A wonderful new piece of software developed by Nullsoft (now 0wned by the man @ AOL), the makers of Winamp. It's Napster's daddy, with the ability to share not only mp3's but also all other mainstream media and archiving files. Based on a distributed client/sever model, it, unlike Napster, is basically unstoppable in that it eats firewalls for breakfast. All computers on Gnutella are interconnected and servers themselves, so you never have to worry about being disconnected.

Currently a windows-only beta, it was designed to go Open Source at v1.0, but thanks to AOL gnutella will probably never see the light of day as non-betaware. Thankfully, a number of clones are already sprouting up, and soon you too will be downloading mp3's, warez, media, porn and just about any other high-bandwith medium from this little jewel. Problems with the current client include memory leakage, cpu utilization, and spamming by wannabe hackers.

head to gnutella.nerdherd.net or #gnutella for the skinny.

The problem with gnutella's distributed layout is one of scalability. Consider this:

1) The Gnutella network has U users
2) Each user adds (on average) B bandwidth to the network
3) Each user makes S searches

The total bandwidth available can be calculated with:

Total Bandwidth = U * B

Since Gnutella doesn't have a central server indexing songs, your request has to be sent to many other users, that they may check to see if they have the file you want. Therefore, when you make S searches:

Search Bandwidth = S * U

But you are not the only person wanting to make searches. There's U users, hence:

Total Search Bandwidth = S * U * U = S * U2

As you can see, the Total Bandwidth rises steadily as users increase evenly, but thte Total Search Bandwidth rises exponentially.

A graph would be nice here, but I can't put one in. Instead, here are some figures:

I will assume that each user brings on average 10 units of bandwidth (throughput/second) to the network.

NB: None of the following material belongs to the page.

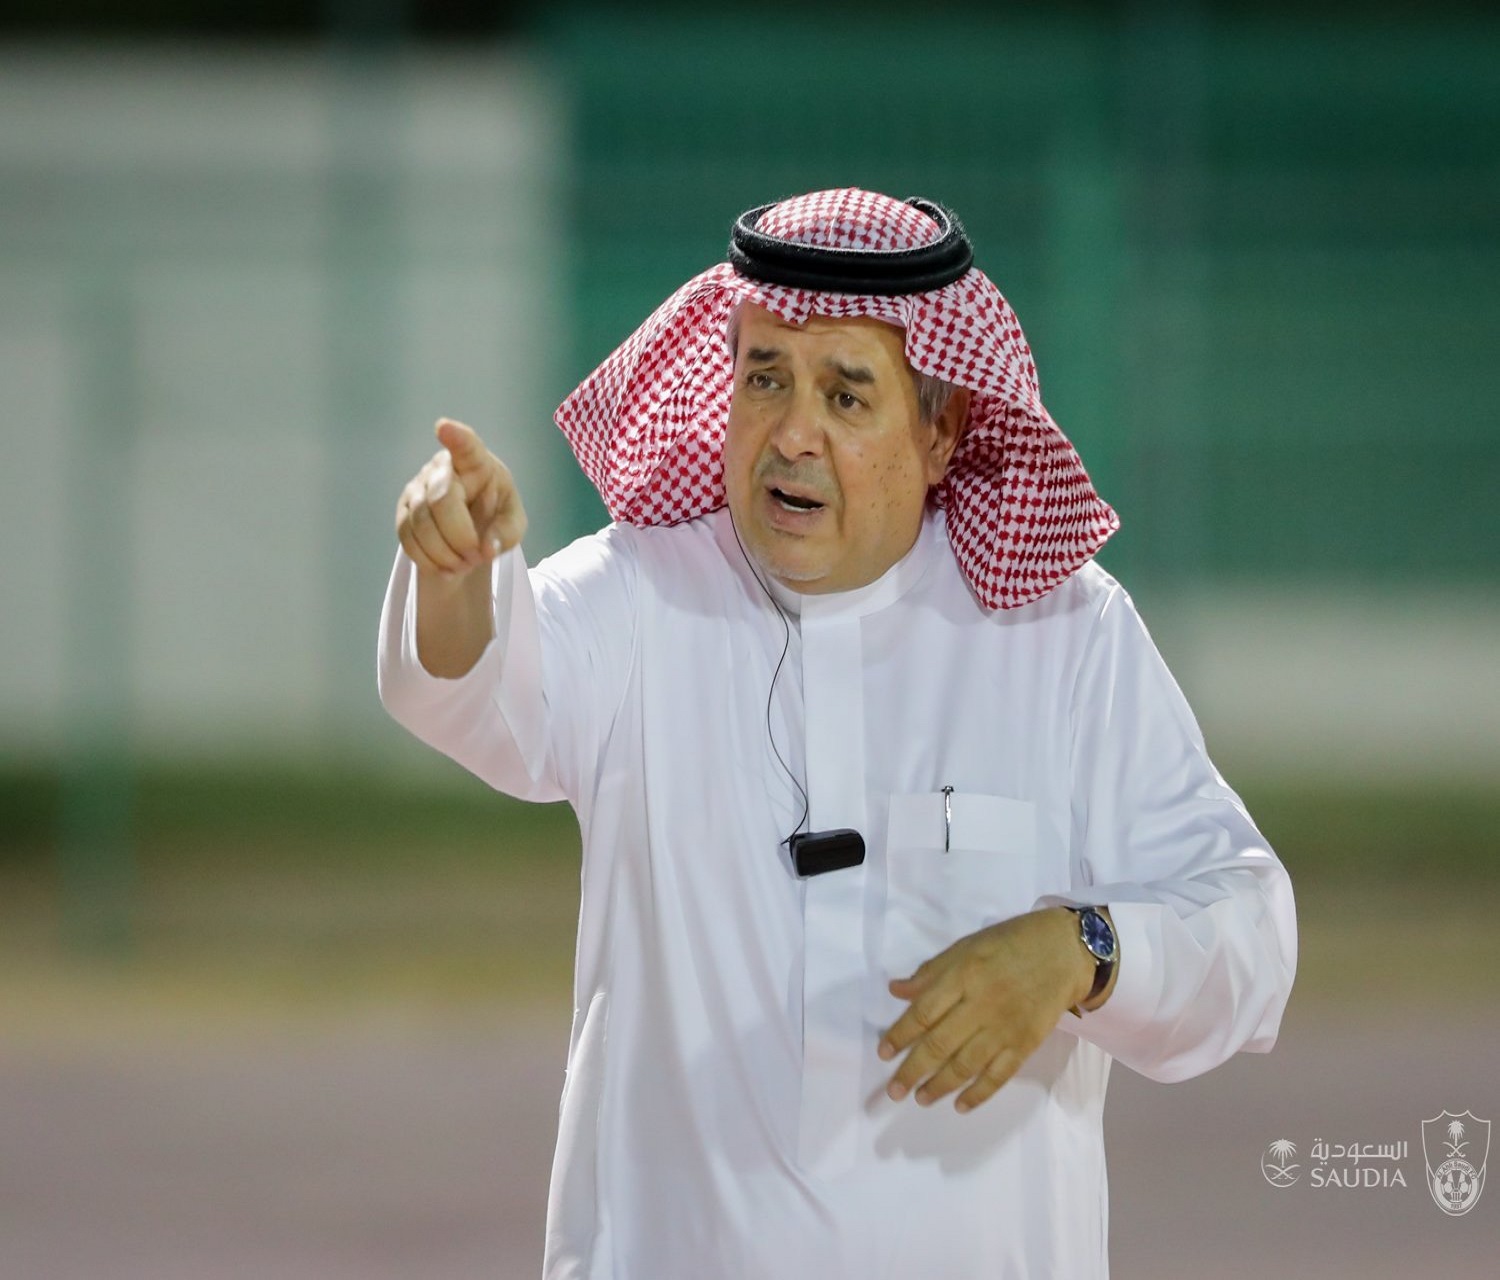 منصور بن مشعل منتقدًا الصائغ: يُسهر اللاعبين ولم يُنفذ وعوده
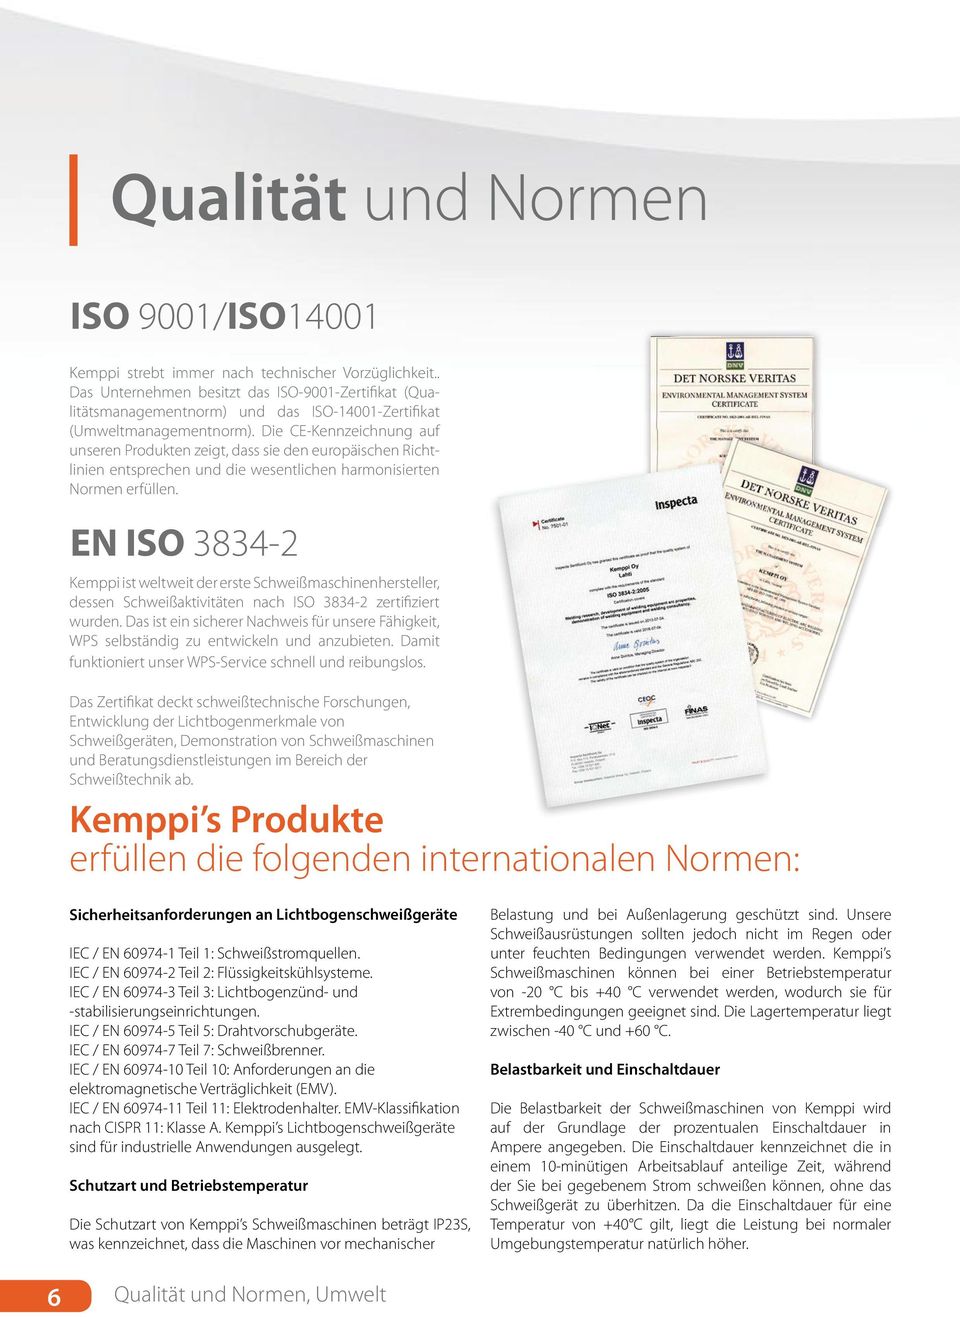 EN ISO 3834-2 Kemppi ist weltweit der erste Schweißmaschinenhersteller, dessen Schweißaktivitäten nach ISO 3834-2 zertifiziert wurden.

I will also assume that every user performs, on average, one search using 1 bandwidth unit per 100 bandwidth units provided.

Users
	Total network throughput per time unit
			Searches per user per time unit
					Search bandwidth per time unit

	(users*10)	(1/100)		(1/100)*users*users

10	100		0.01		1
20	200		0.01		4
30	300		0.01		9
50	500		0.01		25
100	1000		0.01		100
150	1500		0.01		225
200	2000		0.01		400
300	3000		0.01		900
500	5000		0.01		2500 
1000	10000		0.01		10000
1500	15000		0.01		22500
2000	20000		0.01		40000
4000	40000		0.01		160000
6000	60000		0.01		360000
10000	100000		0.01		1000000
15000	150000		0.01		2250000
20000	200000		0.01		4000000
As you can see, with above 10,000 users, our imaginary network can't support itself. The real gnutella would be more complex than this, but that's basically the maths behind it, as far as I know.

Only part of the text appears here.